Mapping Hierarchical Multiple File VHDL Kernels onto an SRC-7 High Performance Reconfigurable Computer

The increasing computational requirements of today's software systems have led researchers to investigate ways of accelerating military and scientific computing applications. Contemporary field programmable gate arrays (FPGAs) are now equipped with multimillion gate logic fabrics, faster clock rates, reasonably large on-chip memory, and fast I/O resources for off-chip communication. The use of FPGAs as reconfigurable computational units complementing a fixed computational device such as a general-purpose processor (GPP) is the basic idea behind what are known as high performance reconfigurable computers (HPRCs). These exciting architectures allow development of reconfigurable processors that target the computationally intensive parts of a given application. Ideally, one should use a high-level language (HLL) rather than a hardware description language (HDL) to implement HPRC-based applications.

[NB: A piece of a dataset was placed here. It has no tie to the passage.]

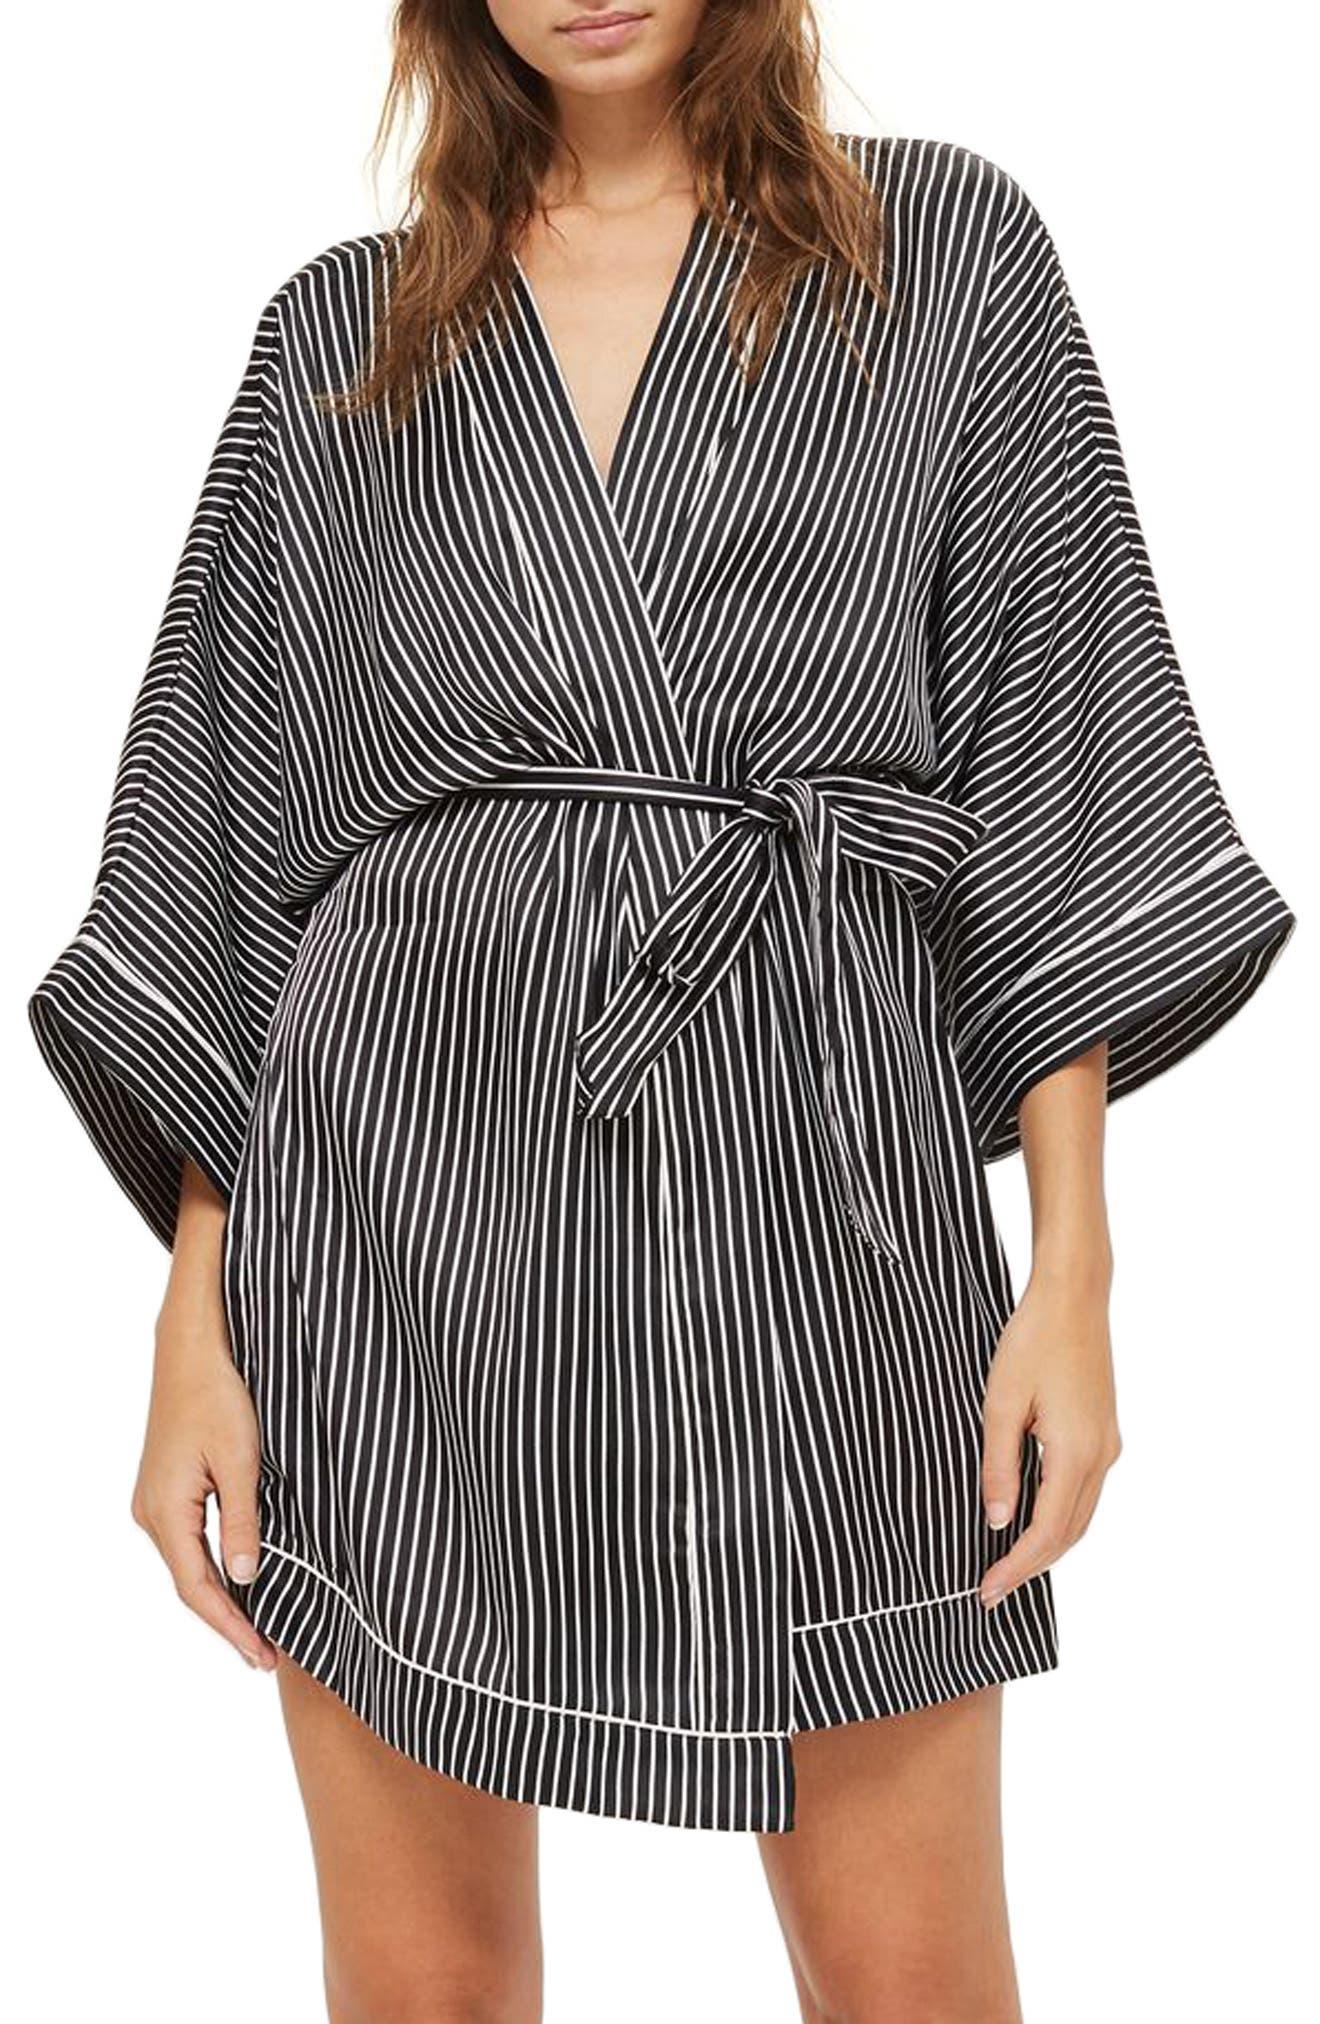 Alternate Image 1 Selected - Topshop Stripe Satin Robe
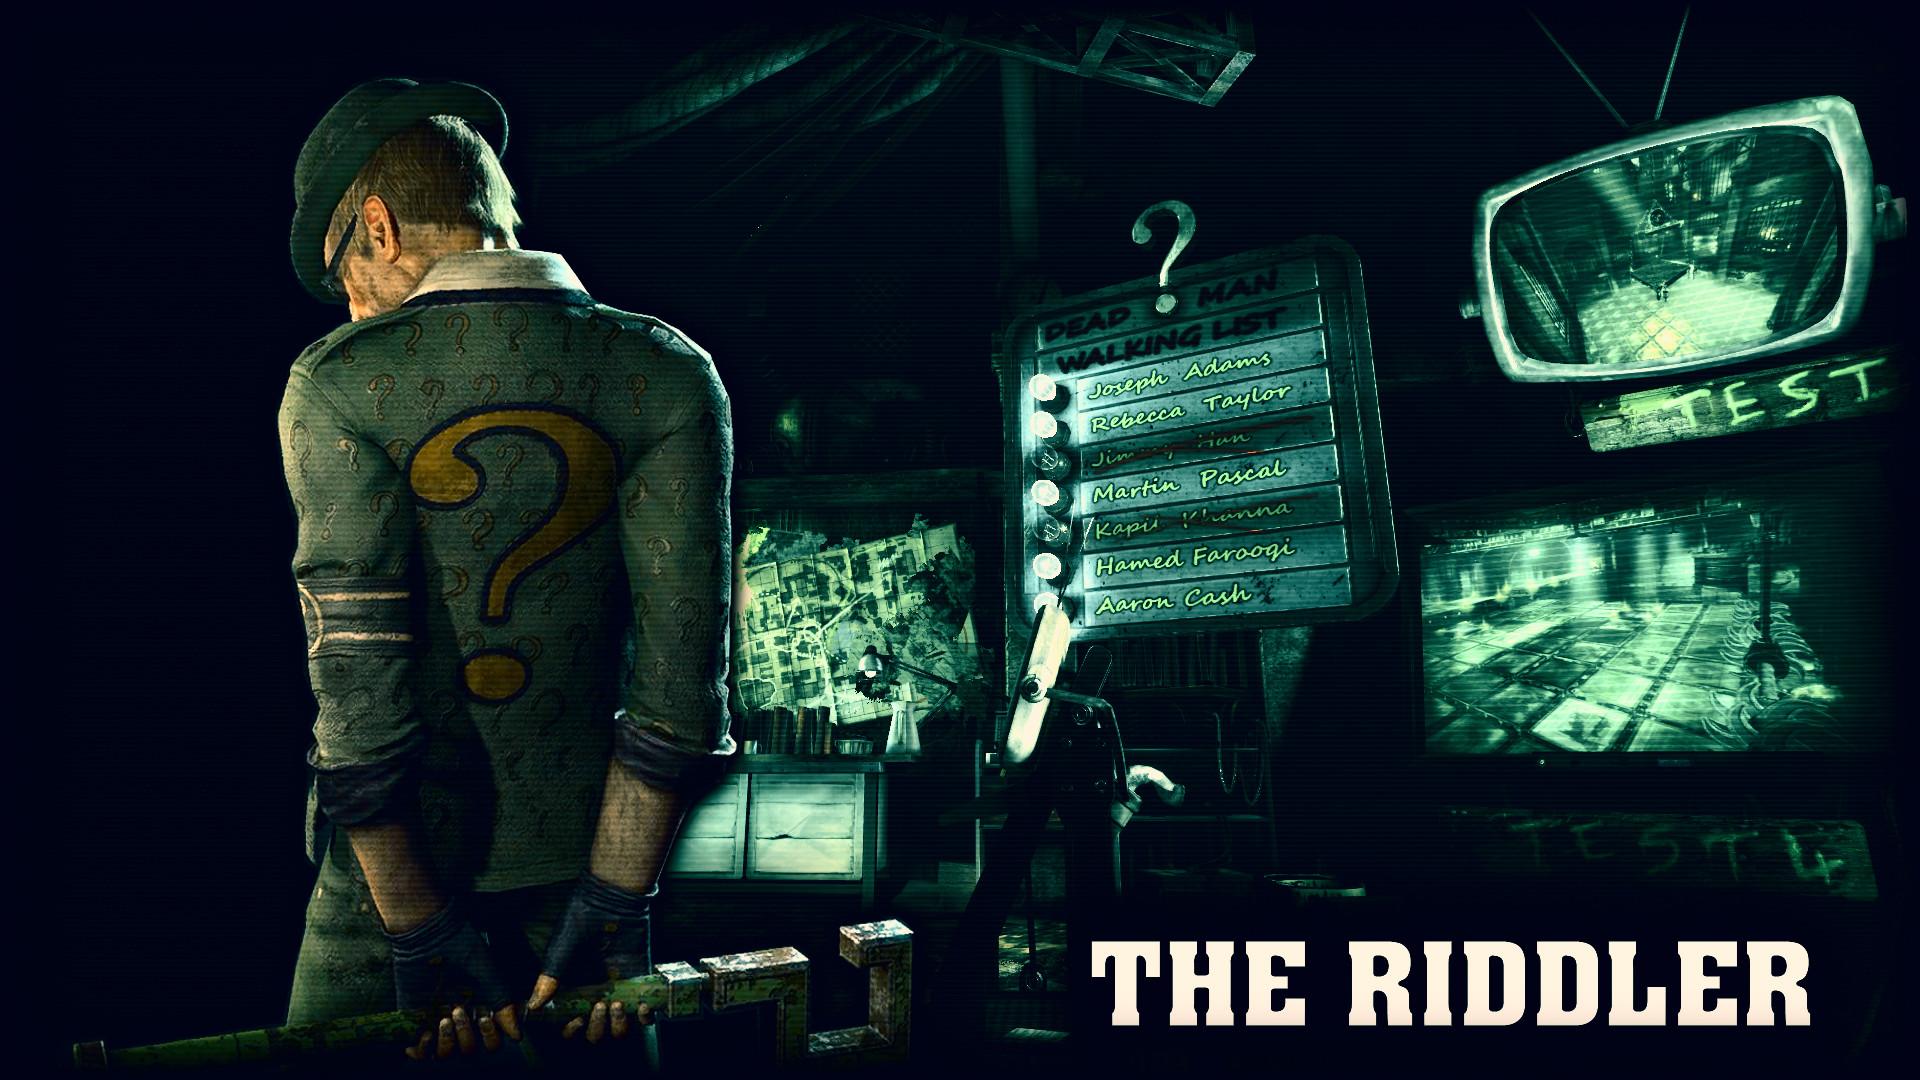 … riddler wallpaper wallpapersafari; console games wallpapers page 187 …

However, in order to accelerate some applications, an HDL must be used to design computational kernels. The HPRC used in the joint research project between the U.S. Army Engineer Research and Development Center {DoD Supercomputing} Resource Center (ERDC DSRC) and Jackson State University (JSU) employs the SRC Computers' Carte development environment. Carte allows application development using a conventional HLL, an HLL-to-HDL compiler, and custom-built VHDL-based kernels ("user macros" in SRC parlance). Currently, the off-the-shelf Carte mechanism for incorporating user macros does not directly support the common case of a multiple file VHDL hierarchy. This research explores a novel approach that allows multiple file VHDL kernels to be mapped onto the SRC-7 HPRC. The approach facilitates the development of FPGA-based elements via a hybrid technique that uses the Carte HLL-to-HDL compiler in conjunction with multiple file VHDL-based user macros. This paper describes the use of this novel approach to map a parameterized, parallelized, and pipelined FPGA-based sparse matrix vector multiply kernel onto an SRC-7 HPRC. The HPRC-based version runs nearly four times faster than the software-only version.